Significance. If the placement mechanisms and depth-margin theoretical link can be rigorously derived and shown to preserve zero-shot capability, the work could offer a principled, hierarchy-aware route to multi-scale adversarial robustness in VLMs that avoids the performance-robustness trade-offs of standard fine-tuning. The multi-tree alignment idea, if consistent, would add a low-cost way to increase semantic coverage. These elements address a genuine gap in current robust VLM literature, but their impact hinges on verifiable implementation details and empirical gains that are not yet substantiated in the provided description.

major comments (3)

Abstract: The central claim of a 'theoretical connection between the depth of embedding in the hierarchy and the maximum viable margin size' is asserted without any derivation, equation, or proof sketch. This link is load-bearing for the assertion that the model 'naturally realizes several margin sizes' and boosts adversary generalization; the full manuscript must supply the derivation (including any assumptions on embedding placement) to allow verification that the relation holds beyond the leaf level and is not circular.
Abstract: The statement that 'additional mechanisms place visual embeddings at the desired depth of hierarchy' is presented without describing the concrete procedure (loss term, projection operator, constraint, or regularization). This mechanism is essential to the framework's feasibility, stability, and preservation of zero-shot performance; without it, it is impossible to assess whether the placement is reliable or introduces inconsistencies when aligning across multiple trees with shared leaf labels.
Abstract: The multi-tree alignment claim ('aligning over multiple trees to boost semantic variety') lacks any consistency guarantee or method for handling shared leaf labels across trees with differing parent labels. This is load-bearing for the semantic-variety benefit and could otherwise degrade base-task performance or introduce label conflicts; the manuscript must provide the alignment objective and any cross-tree consistency analysis.

minor comments (1)

Abstract: The description of experiments is limited to 'across several datasets' with no mention of specific datasets, baselines, attack types, or metrics; adding these would improve clarity even at the abstract level.

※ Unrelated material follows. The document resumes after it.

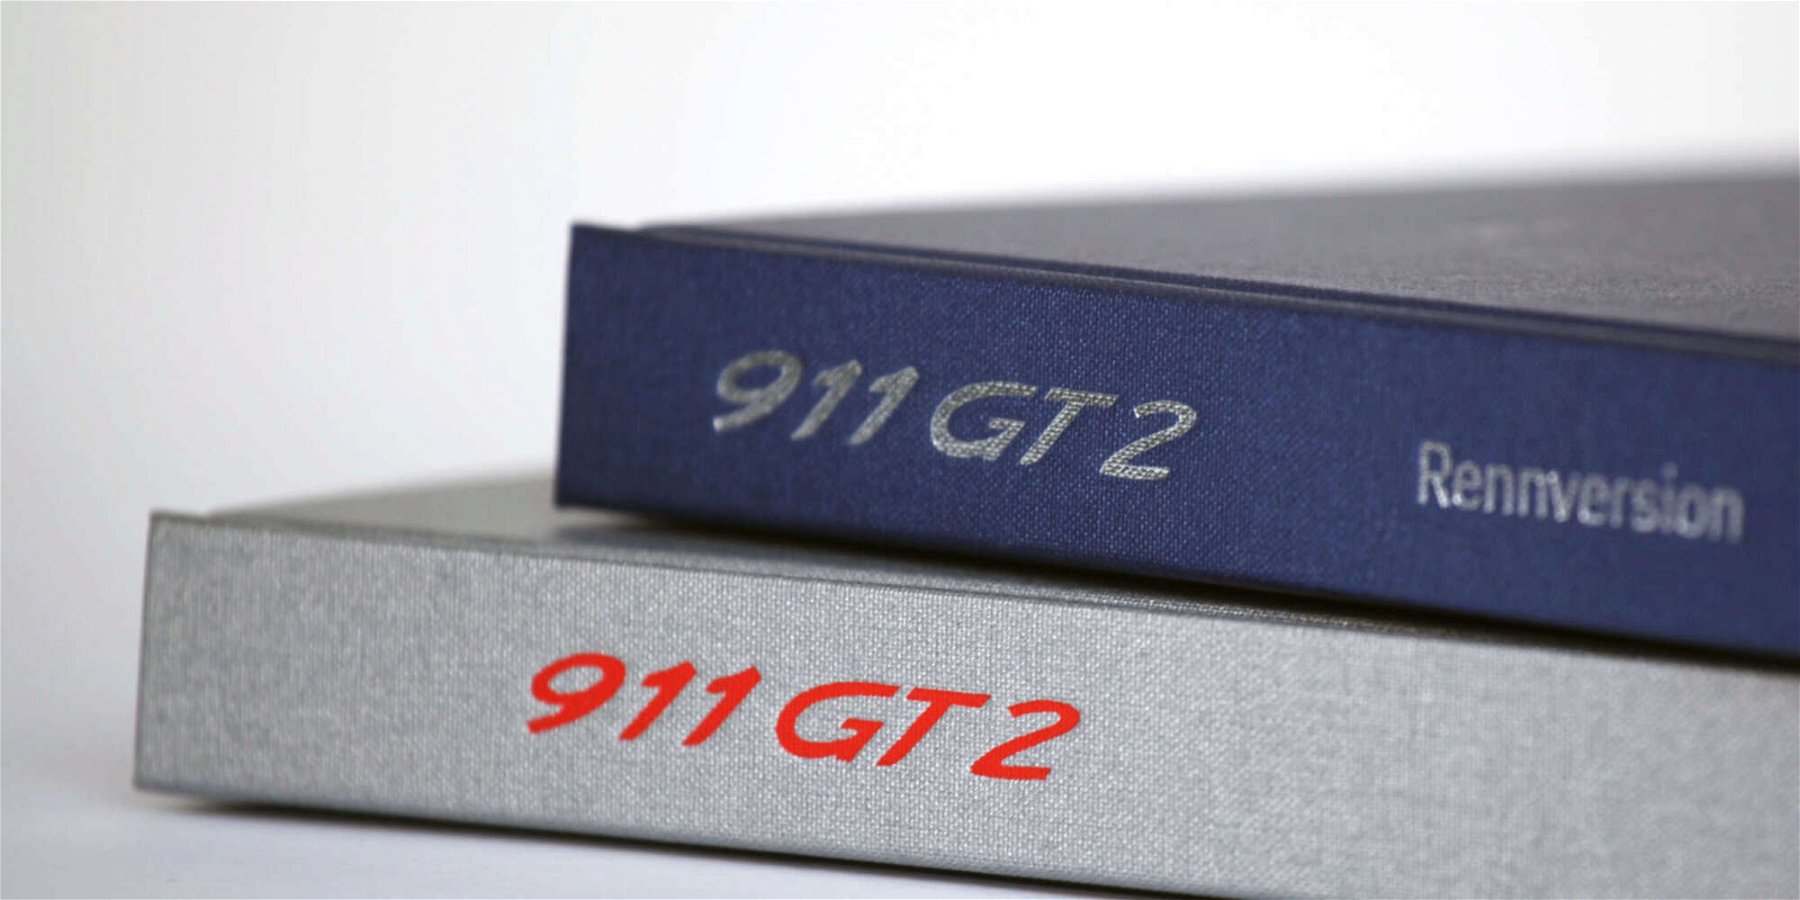 Elferspot competition – The 993 GT2 Book – Limited First Edition- until January 31, 2022

Simulated Author's Rebuttal

3 responses · 0 unresolved

We thank the referee for the constructive and detailed feedback. We agree that the abstract requires additional supporting details to substantiate the core claims, and we will revise the manuscript to include the requested derivations, procedural descriptions, and consistency analysis. Our responses to each major comment are provided below.

read point-by-point responses

Referee: Abstract: The central claim of a 'theoretical connection between the depth of embedding in the hierarchy and the maximum viable margin size' is asserted without any derivation, equation, or proof sketch. This link is load-bearing for the assertion that the model 'naturally realizes several margin sizes' and boosts adversary generalization; the full manuscript must supply the derivation (including any assumptions on embedding placement) to allow verification that the relation holds beyond the leaf level and is not circular.

Authors: We agree that a self-contained derivation is essential. The full manuscript contains a theoretical analysis deriving the depth-margin relationship from the hierarchical embedding constraints and the adversarial objective, but we will add an explicit proof sketch (with equations) to the abstract and expand the assumptions in Section 3. The derivation starts from the placement of embeddings at tree depths and uses margin bounds induced by the hierarchy levels; it is grounded in the loss formulation rather than being circular. We will also verify and state its extension to superclass attacks. revision: yes
Referee: Abstract: The statement that 'additional mechanisms place visual embeddings at the desired depth of hierarchy' is presented without describing the concrete procedure (loss term, projection operator, constraint, or regularization). This mechanism is essential to the framework's feasibility, stability, and preservation of zero-shot performance; without it, it is impossible to assess whether the placement is reliable or introduces inconsistencies when aligning across multiple trees with shared leaf labels.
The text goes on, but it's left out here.